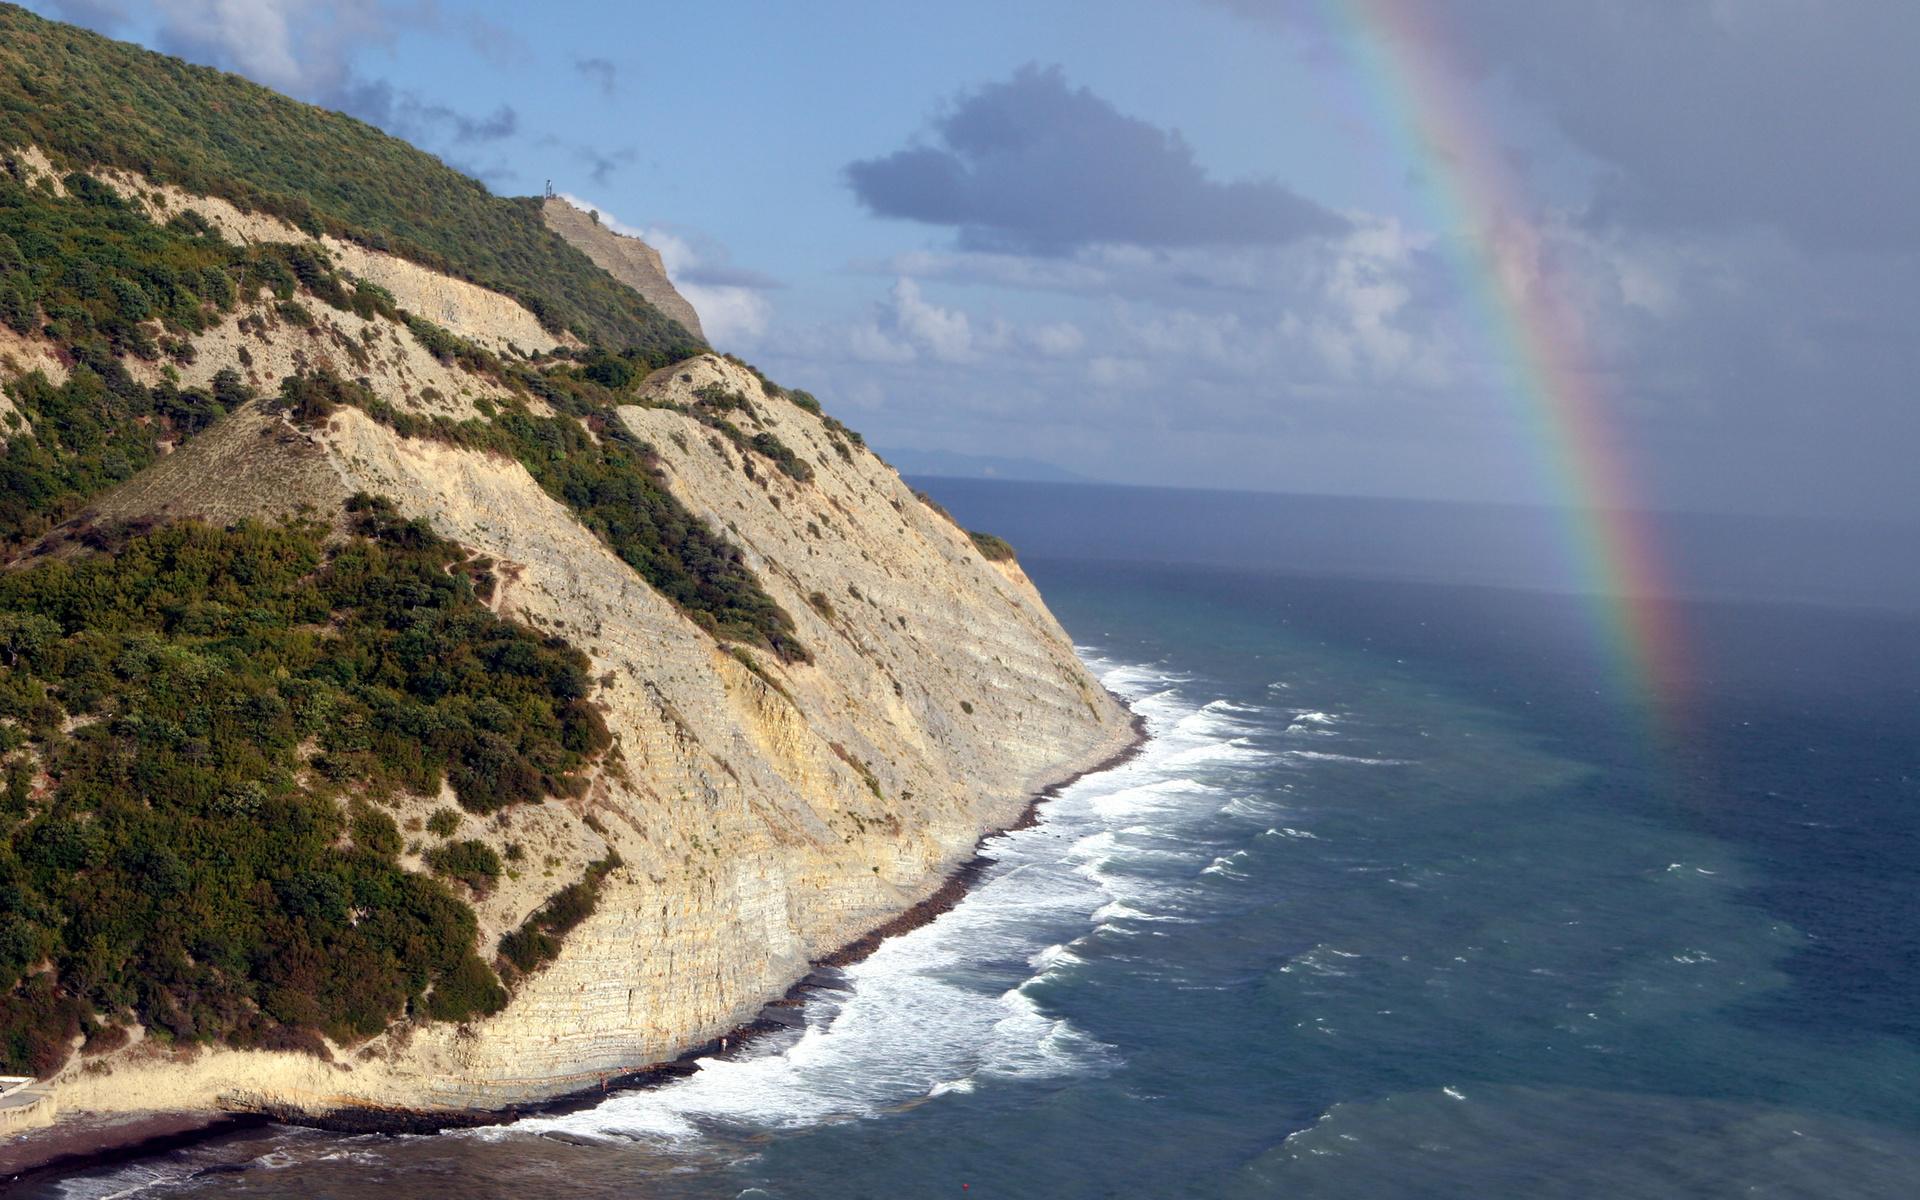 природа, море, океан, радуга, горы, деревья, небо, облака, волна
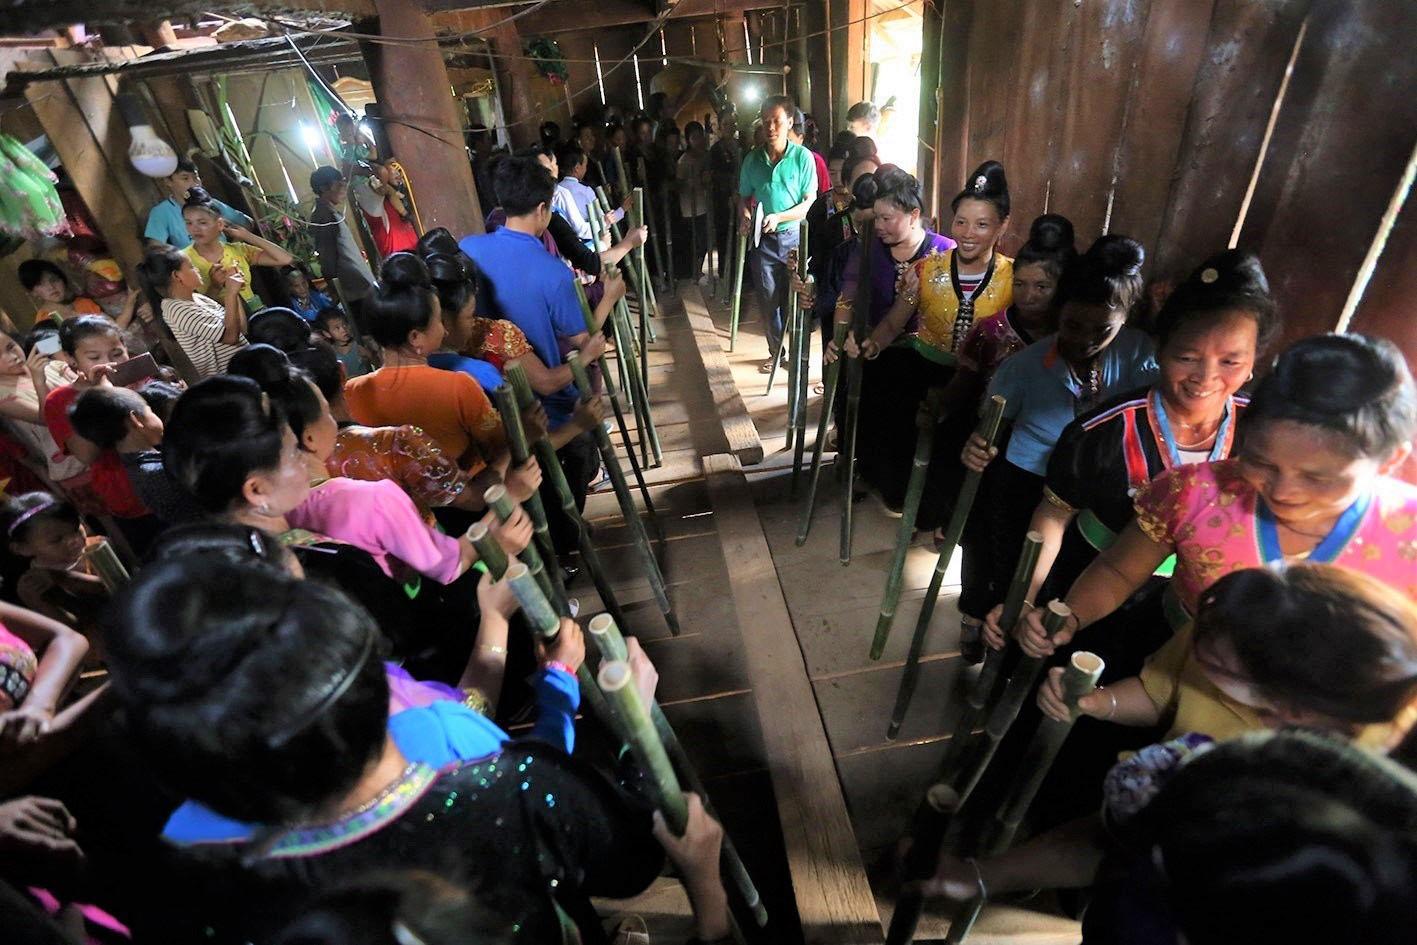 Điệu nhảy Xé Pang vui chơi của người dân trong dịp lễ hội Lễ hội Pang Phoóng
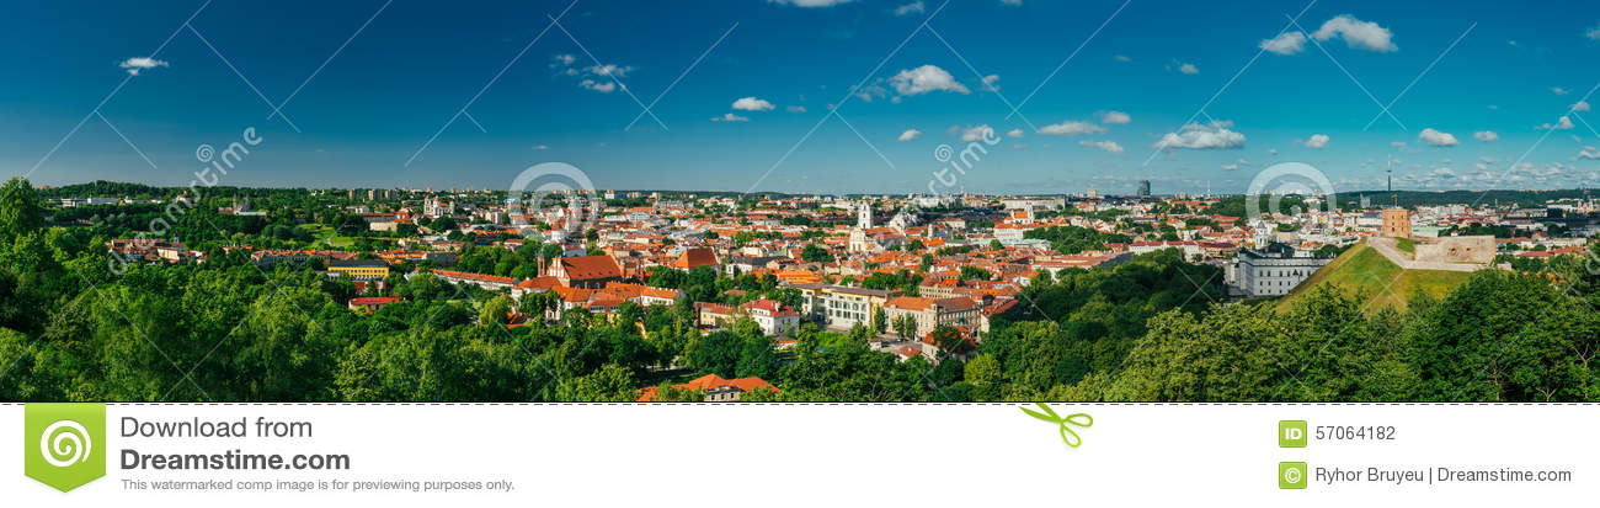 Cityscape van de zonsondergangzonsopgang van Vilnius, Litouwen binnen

◆ **Aim of the exercise**: The whole listing should be printed again exactly as written, images excluded.

◆ **Solved exercise**:
 природа, море, океан, радуга, горы, деревья, небо, облака, волна
 Điệu nhảy Xé Pang vui chơi của người dân trong dịp lễ hội Lễ hội Pang Phoóng
 Cityscape van de zonsondergangzonsopgang van Vilnius, Litouwen binnen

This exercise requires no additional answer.